Twenty-five of the 67 patients (37%) had metastatic disease. In the metastatis group, the mean largest tumor dimension was 16.2 mm (median 20, range 9.6–24.6 mm). Eighty-four percent of the cases were of mixed cell type, 72% of cases had tumor-associated macrophages, 40% had tumor-infiltrating lymphocytes, 24% had extraocular extension, and 52% of cases had ciliary body involvement. The follow-up period in this group had a median of 24 months (range 6–95). All cases had hepatic metastases.

Group without metastases

Forty-two of 67 patients (63%) had no metastatic disease. The follow-up period in this group ranges from 2 to 248 months (median 58). In this particular group, the mean largest tumor dimension was 14.3 mm (median 14, range 8–18.5 mm). Sixty percent of the cases were of mixed cell type, 41% of cases had tumor-associated macrophages, 29% had tumor-infiltrating lymphocytes, 21% had extraocular extension, and 31% of cases had ciliary body involvement.
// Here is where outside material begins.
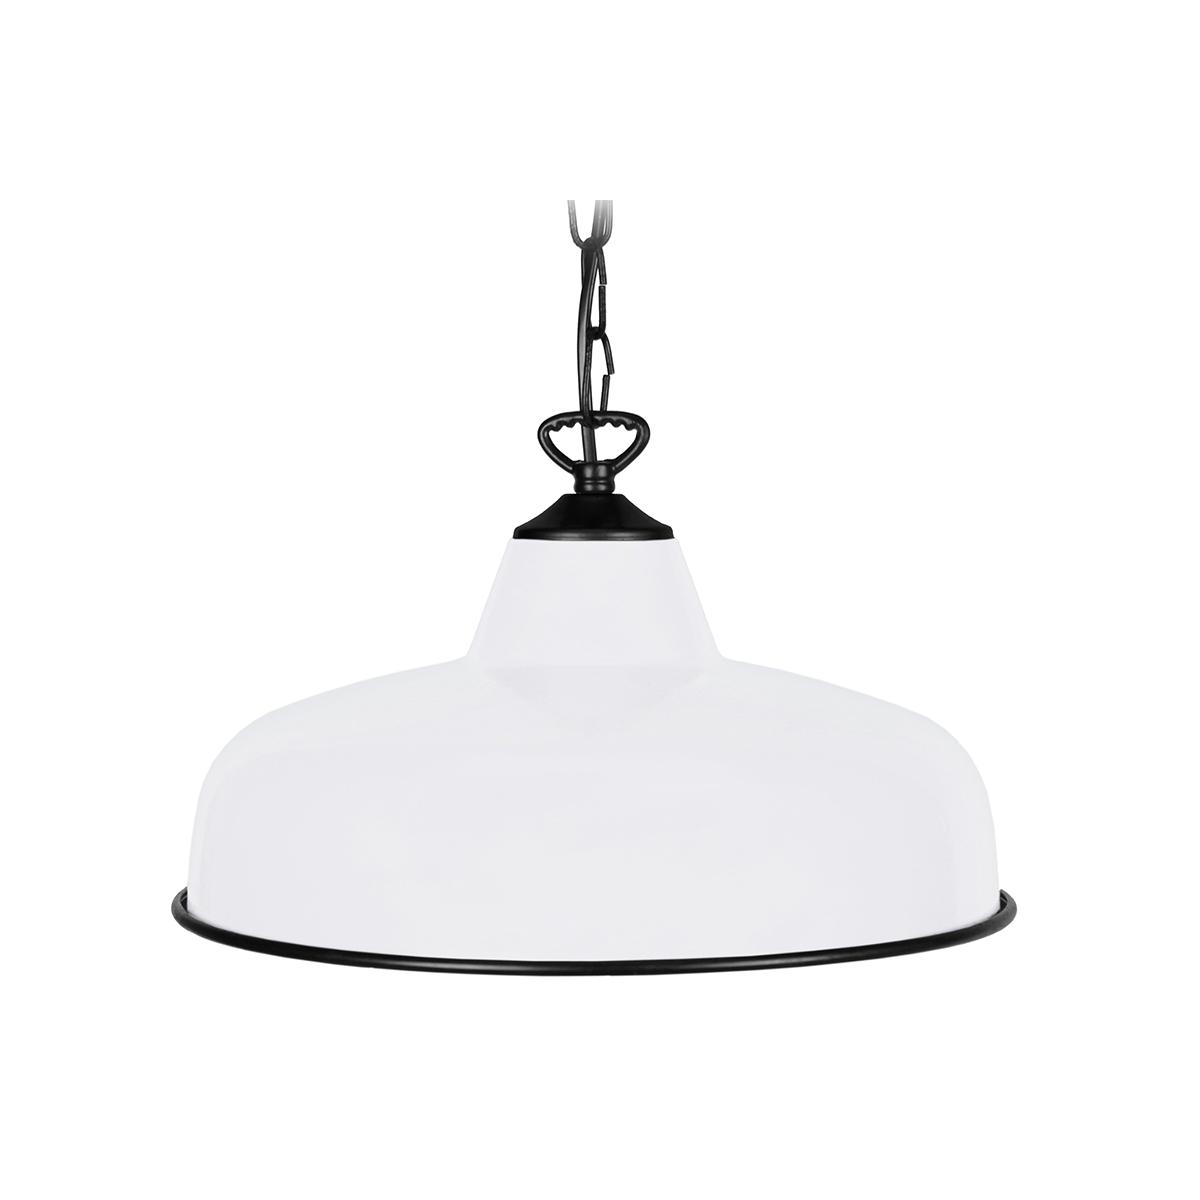 Lampadario design in metallo Bianco VINTI

An univariate log-rank analysis of the Kaplan–Meier curves for each prognostic factor showed significantly lower metastasis-free survival for the age group >65 years (P = 0.03), the mixed cell type (p = 0.005), the presence of tumor-associated macrophages (p = 0.045), the presence of tumor-infiltrating lymphocytes (p = 0.02), and ciliary body involvement (P = 0.03). In contrast, mitotic index, vascular loops, largest tumor dimension, and T stage of the TNM classification had no significant prognostic influence in our series (P > 0.05).

Expression of PD-L1

The expression of PD-L1 was observed in the cytoplasm of cells with an accentuation in the cellular membranes; the distribution was either patchy or diffuse (Figs. 1 and 2, respectively). In all negative cases, PD-L1 expression was observed in the retinal pigmented epithelium confirming the antigenicity of the sample.

Fig. 1
figure 1

Patchy distribution of positive PD-L1 expression in a primary uveal melanoma case: at low magnification, a large tumor is seen. On medium magnification (lower inset), patchy distribution of PD-L1 expression is observed. The membranous staining is confirmed on high power magnification (small arrowheads). On the right inset, the cytoplasmic positivity of retinal pigmented epithelium cells is seen (large arrowheads). Top left 0.4x, top right 40x, lower left 4,6x, lower right 40x

Fig. 2
figure 2

Diffuse distribution of PD-L1-positive cells in a primary uveal melanoma case: at low magnification, a small flat tumor is seen. On medium magnification (lower inset), a diffuse distribution of PD-L1 expression is seen. Note that a rim of negative tumor cells is seen in the periphery. The membranous staining is confirmed on high power magnification (small arrowheads). On the right inset, the cytoplasmic positivity of retinal pigmented epithelium cells is seen (large arrowheads) and in tumor-infiltrating macrophages (small arrows). Also, note that epithelioid cells in the periphery are negative for PD-L1. Top left 0.3x, top right 20x, lower left 1,4x, lower right 40x

Tumor PD-L1 expression scoring system (conventional grading)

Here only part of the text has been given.